I have an only child. I've long since accepted this as fine for our family. I never worried about most of the things the author gives as concerns. Most of the reasons she discusses for having an only child weren't really part of out decision making either, although I have thought of some as advantages after the fact.
Beyond that, my biggest disappointment is that Susan Newman only refers to the research fleetingly, with much more space being taken up by anecdotes from people she's interviewed and commenters on her blog. I'd appreciated these, but really was looking for a more scholarly work-- one that described the studies and spent a paragraph (rather than a single sentence) on the results.
But it wasn't a bad book, just not the one I was looking for. If you are debating whether to have a second child, whether for personal, professional or logistical reasons, this book might help you make up your mind. If circumstances have determined you will only have one child, even if that wasn't your choice, this may put your mind at ease. If you have an only child, and people are convincing you your child will be spoiled, lonely, and generally unhappy, this book will address your concerns.
A good read for those, like myself, who may have a one and only due to choice or other circumstances.
The author does a good job de-bunking the myths of only children being spoiled, self-centered, unable-to-socialize little monsters. In fact, there are a lot of pros to onlies.
The author covers lots of topics from these myths, societal and family pressure for more children, future concerns, and more.
I only gave it three stars, because I felt there could have been some better editing, as there were redundancies.
However, for those interested in the topic, it's a good overview of the real-life and real challenges of having a one and only.
A book that arms with you scientifically collected data to throw at the next nosy Parker who asks you 'When you are planning to have your next child?' And 'why not?'
Of course, you can always just say 'none of your business' but this book helps you to do it, myth buster style as it debunks all the 'popular' stereotypes and cliches associated with being an only child.
I especially enjoyed the happiness factor - excellent and informative.
A good read. Technically my rating is 21/2 - only because the writing was not as engaging as I imagined it would be.
Very readable and cites studies about how only children are not actually the lonely, socially awkward cliche. There was some really interesting research about how for mothers happiness increases with one child but decreases with additional children. It was definitely biased and sometimes bordered on insulting to those with more than one child, but in all it was a good look at the stereotypes surrounding one child families.
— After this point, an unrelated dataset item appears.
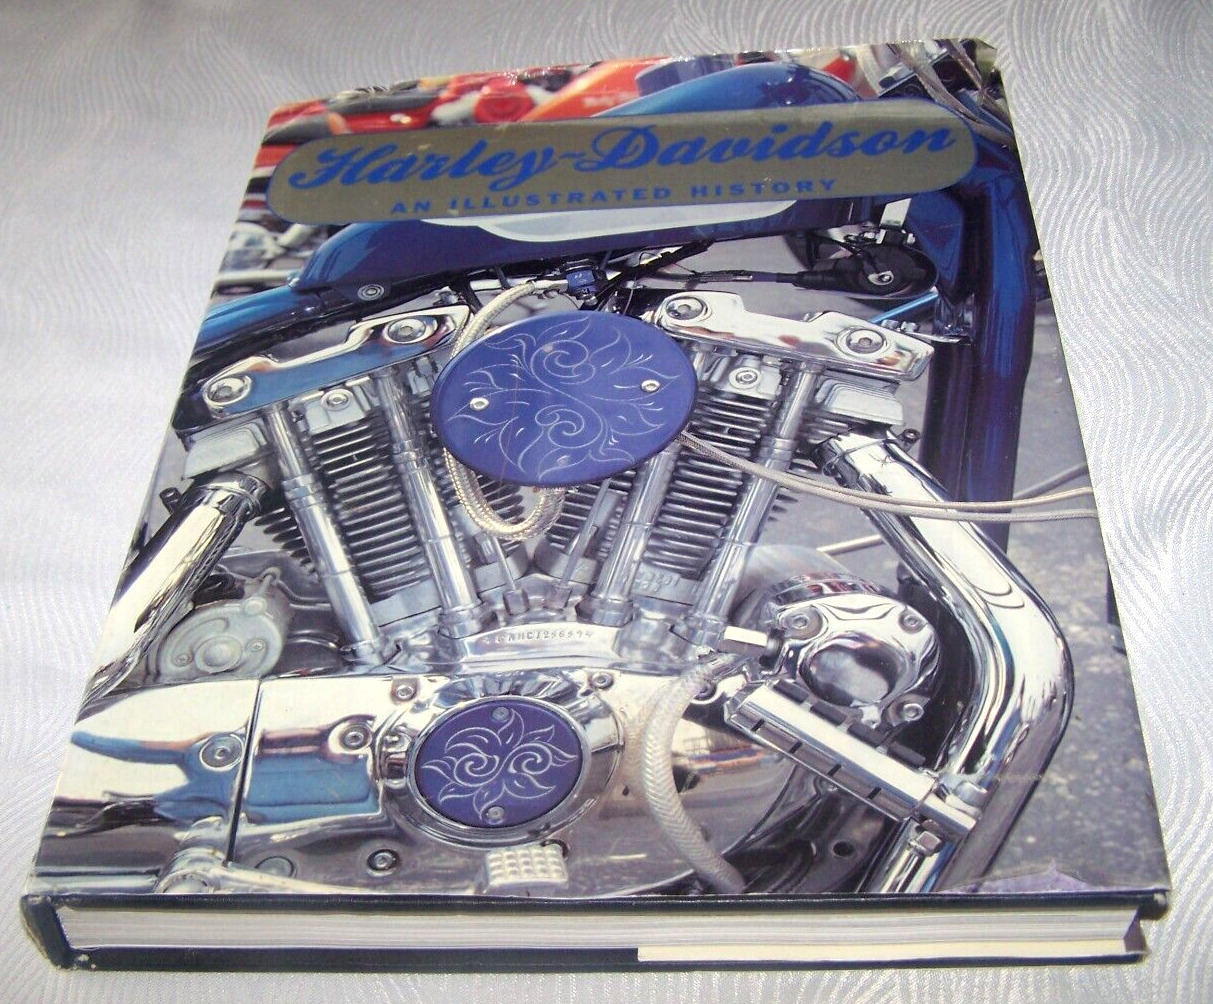 Harley-Davidson an Illustrated History Hardcover Barnes & Noble motorcycle

The title should have been a clue...this book is completely biased. It felt like a continuous loop of the same information, i.e.: "Yea, you should just have one child, here's why. I forged on in the book, hoping for some real insights. I finished it disappointed. I did like Newman's other book, Parenting the Only Child.
This book was reassuring and reinforced my feelings and convictions that being an only child mother of an only child can be a blessing, not a curse. There are plenty of advantages for the mother, father and child. For those of us who cannot or will not have more than one child, this book is a God send.
Considering all the recently released research on this topic... not very impressed with this book. It is more antecdotal than serious discussion. And, anyone who has had this discussion personally knows the last thing you need is more stories about the topic. :)
It was a good read, but nothing groundbreaking or too thought-provoking. If you're already decided on one child or leaning that way, this will help, for sure. That's me!